Arbitrator Stout’s directions, therefore, required the employer to amend their vaccination policy to make it clear that employees shall not be disciplined or discharged for failing to get vaccinated and providing a testing option  to unvaccinated employees.

Arbitrator Stout clarified that his ruling was not in conflict with that of Arbitrator Von Veh’s (discussed above). The facts of the two cases are distinguishable due to the specific vaccination clause in the collective agreement and the different context of a company whose employees work, on a majority basis, at third-party sites.

Court Refuses to Grant Interim Injunction to Plaintiffs Challenging Vaccination Policy

In Blake v. University Health Network, 2021 ONSC 7139, several  unionized and non-unionized employees challenged the validity of their employer’s mandatory vaccination policy.
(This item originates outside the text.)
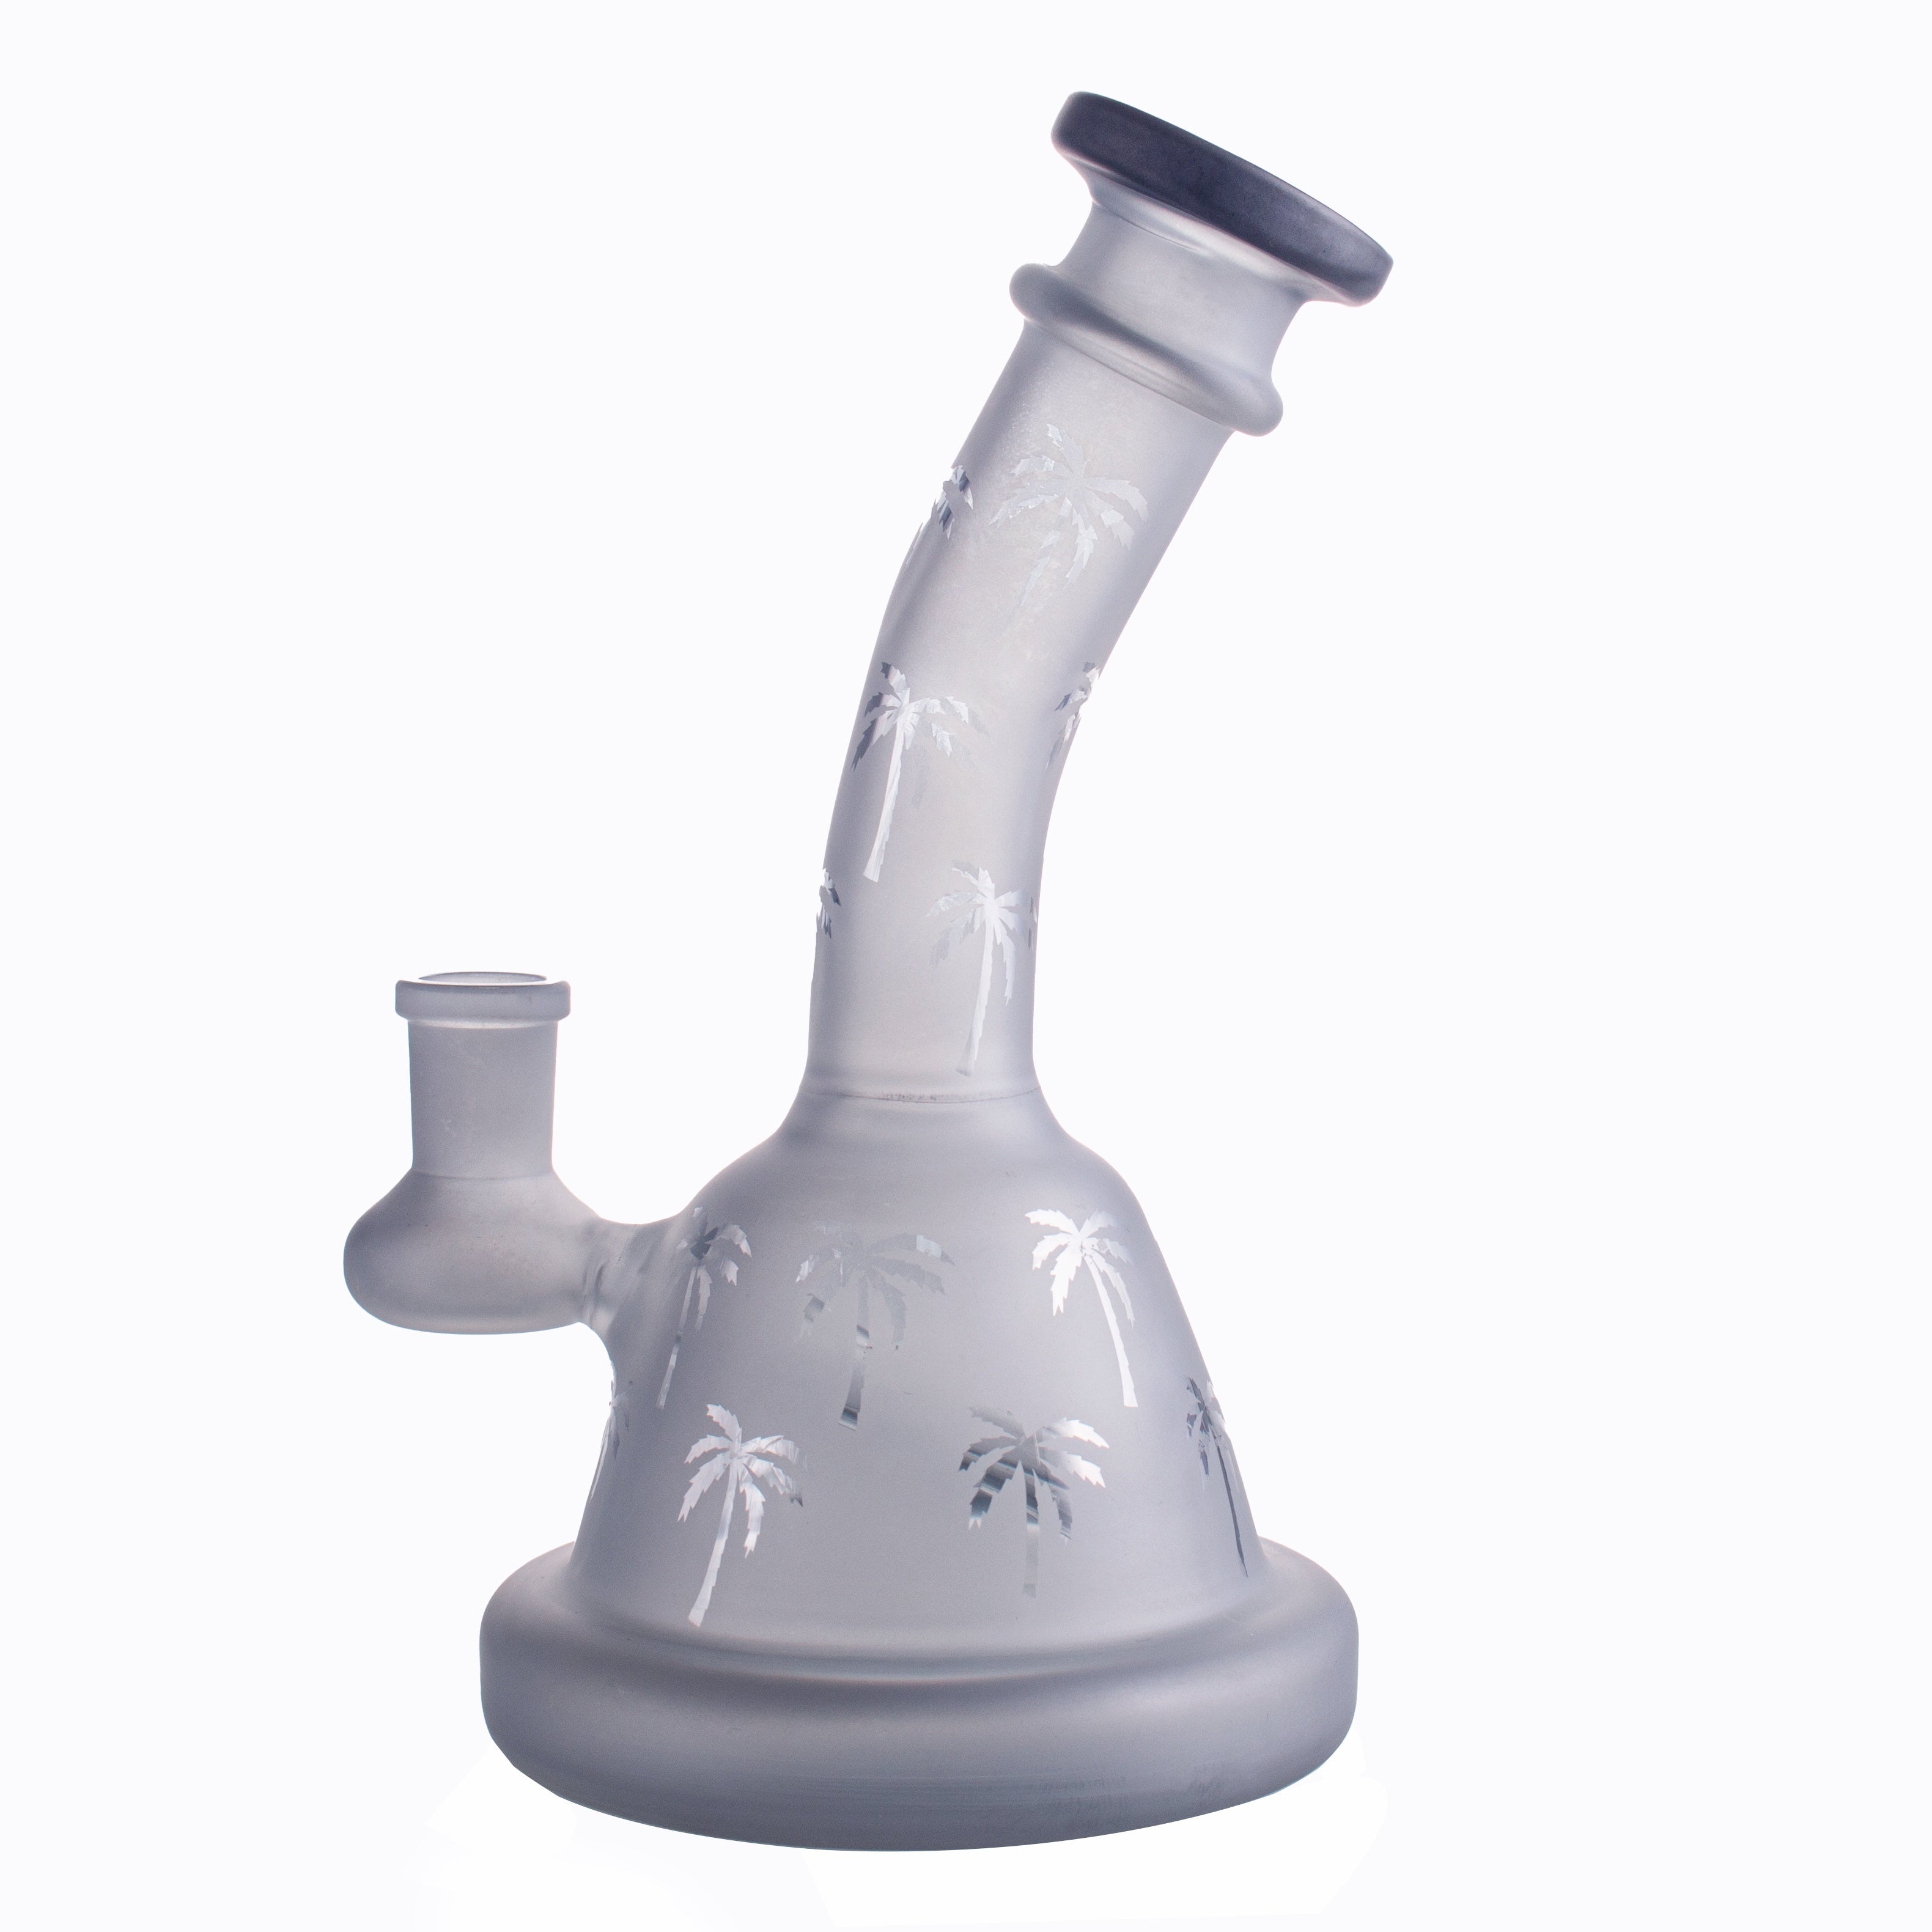 Flat 14mm Dab Nail w/ Replaceable Bowl | Smoking Outlet

On October 22, 2021, Justice Dunphy issued an interim injunction in the proceeding in order to preserve the status quo and prevent the dismissal of the employees involved in the lawsuit brought against the University Health Network (“UHN”). However, the injunction was issued while a jurisdictional issue was addressed.

On October 29, 2021, Justice Dunphy dissolved the interim injunction. To be clear, the decision did not address the question of the merits or legality of the vaccination policy adopted by UHN. However, it was determined that the essential character of the dispute fell squarely within the ambit of the collective agreement. The unionized employees were required to grieve the policy through the dispute resolution scheme as prescribed in the collective agreement.

Conclusion

We expect more arbitral and judicial decisions to provide further direction regarding the implementation and enforcement of vaccination policies. Currently, the number of decisions are limited and reflect unique workplaces and collective agreements. However, they give us a sense of where the law is moving towards and will provide guidance to arbitrators and judges as well as counsel and employers. We will closely monitor new developments in this area as they emerge.